◆ **Data block**
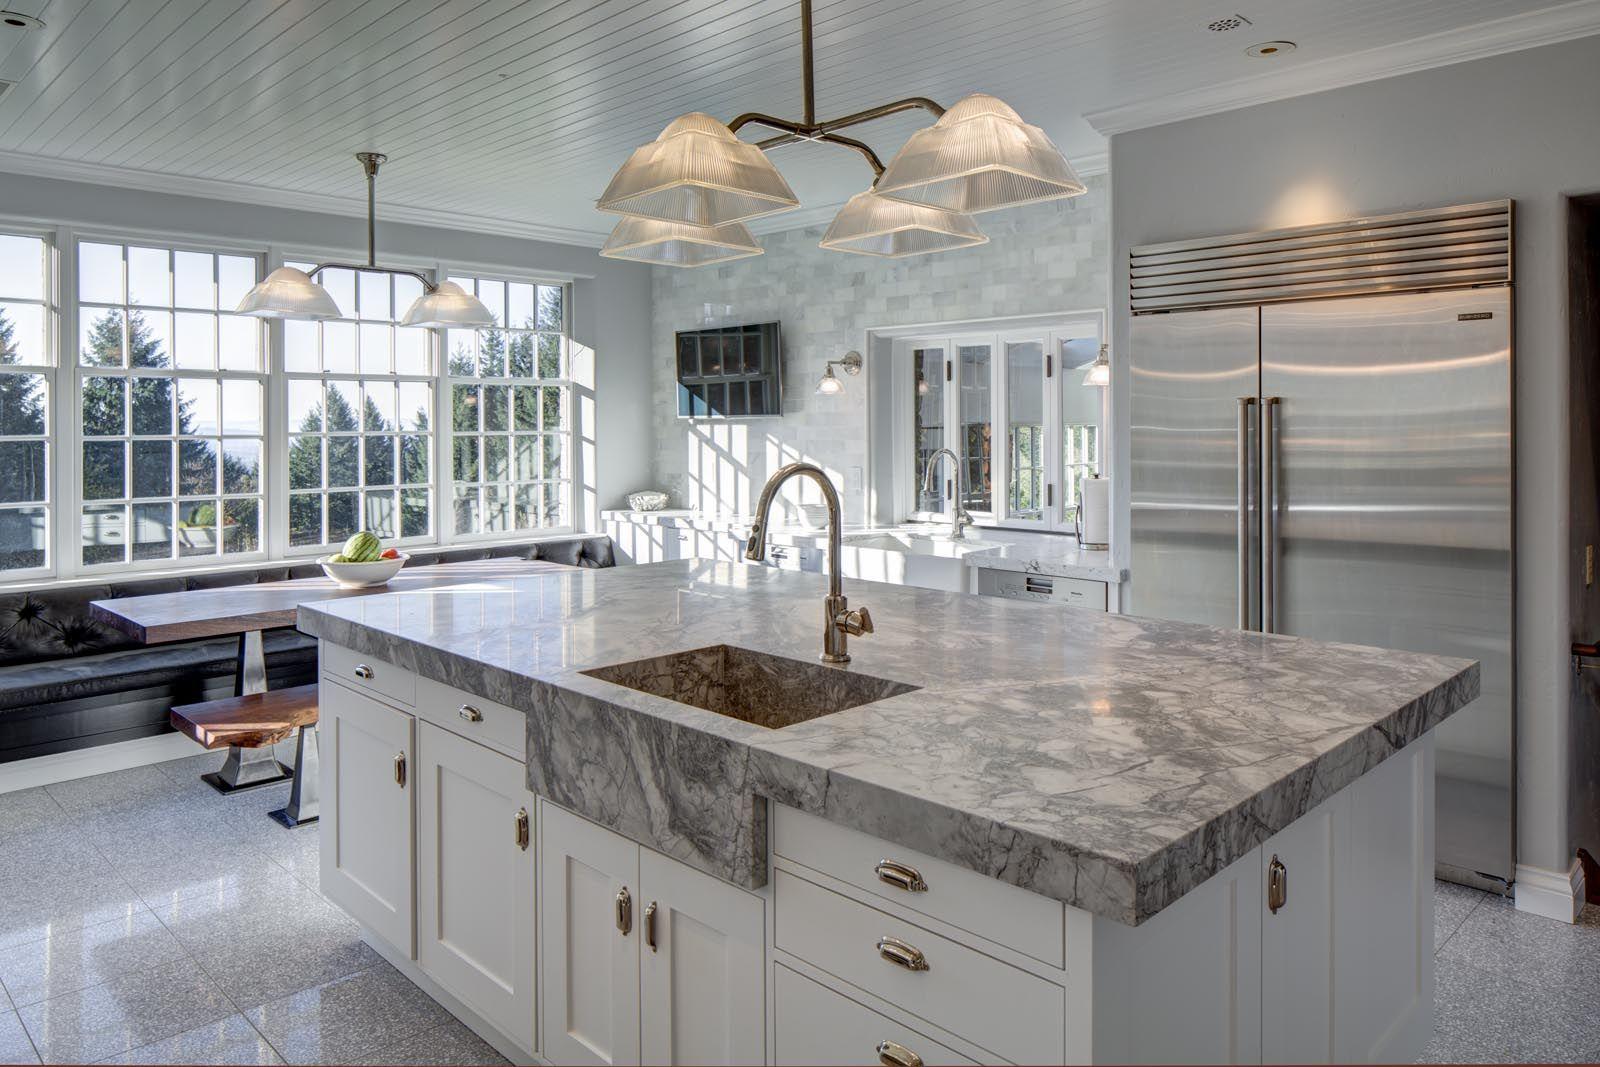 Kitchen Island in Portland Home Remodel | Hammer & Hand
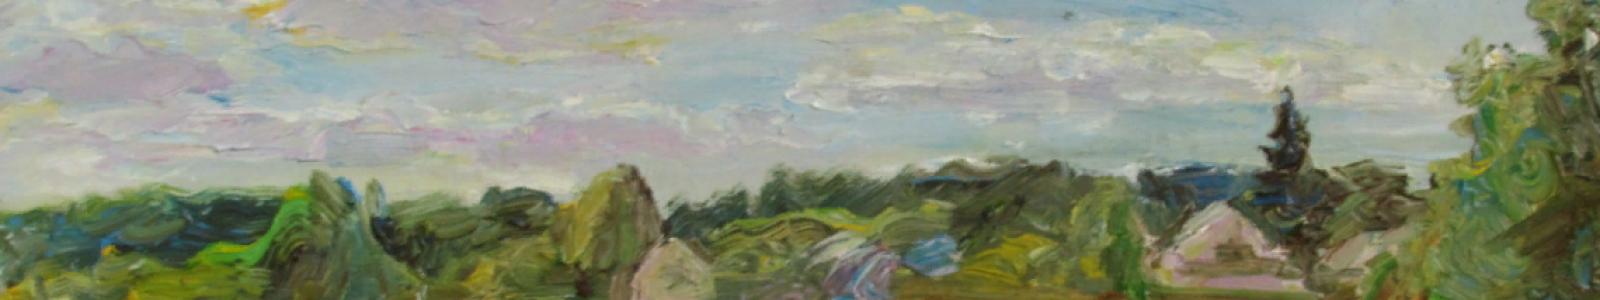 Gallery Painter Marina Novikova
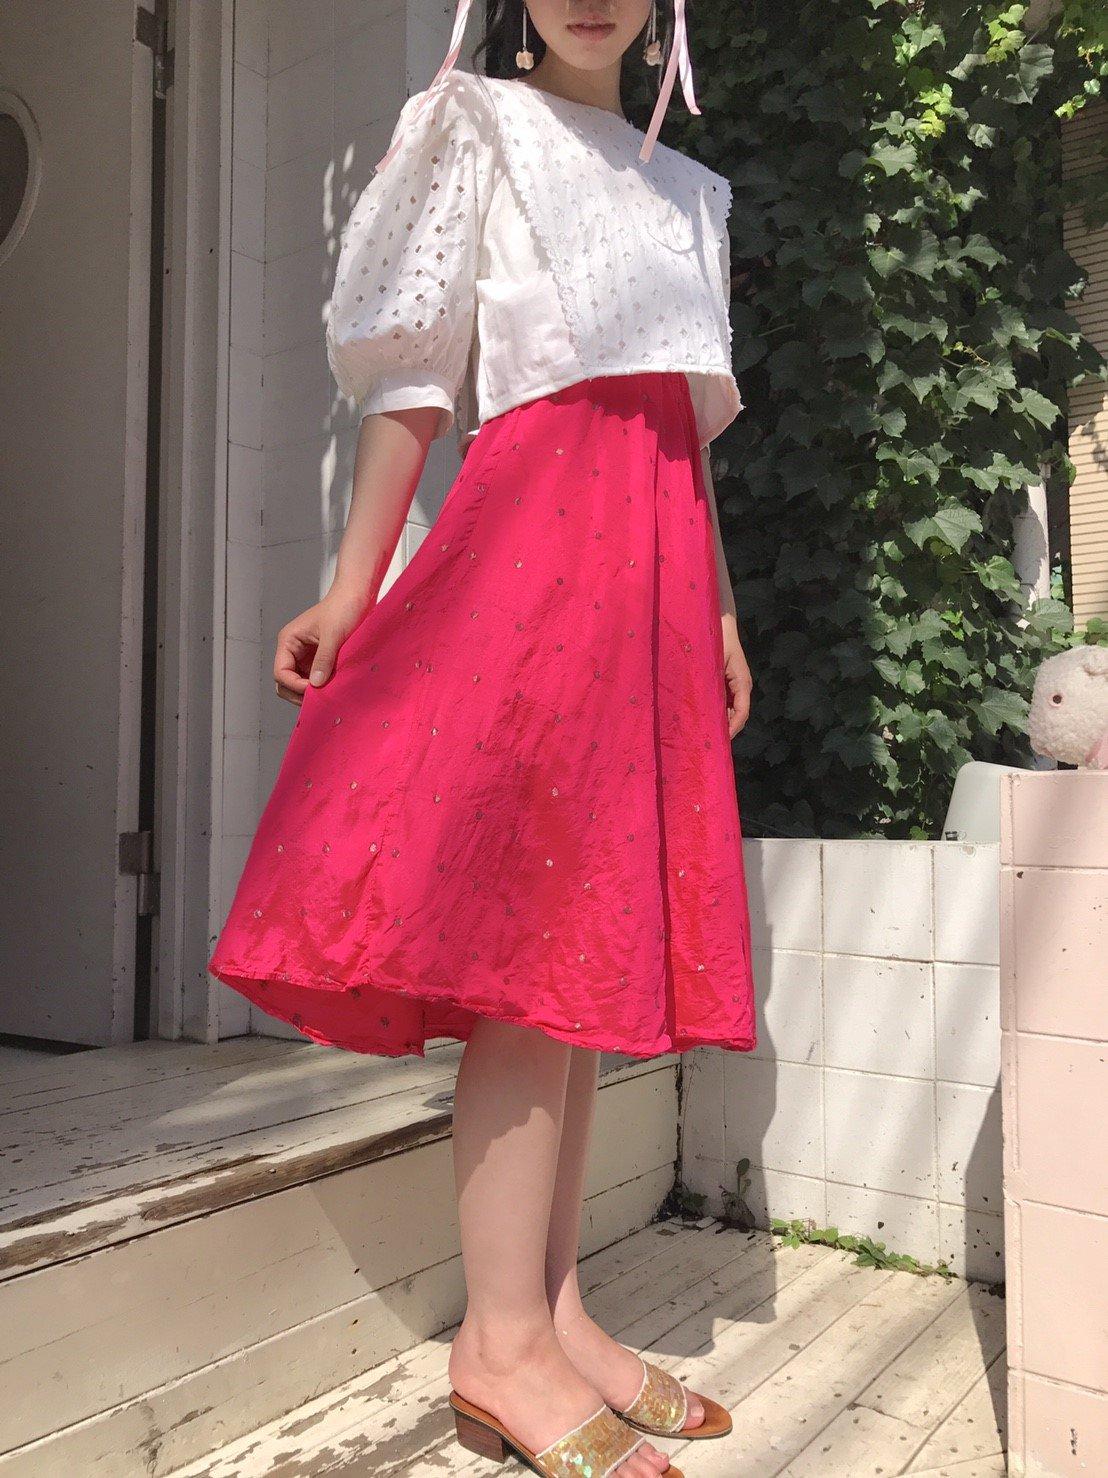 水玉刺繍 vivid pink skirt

◆ **What the task asks**
The expected answer is the full listing above, transcribed exactly and without pictures.

◆ **Reply**
 Kitchen Island in Portland Home Remodel | Hammer & Hand
 Gallery Painter Marina Novikova
 水玉刺繍 vivid pink skirt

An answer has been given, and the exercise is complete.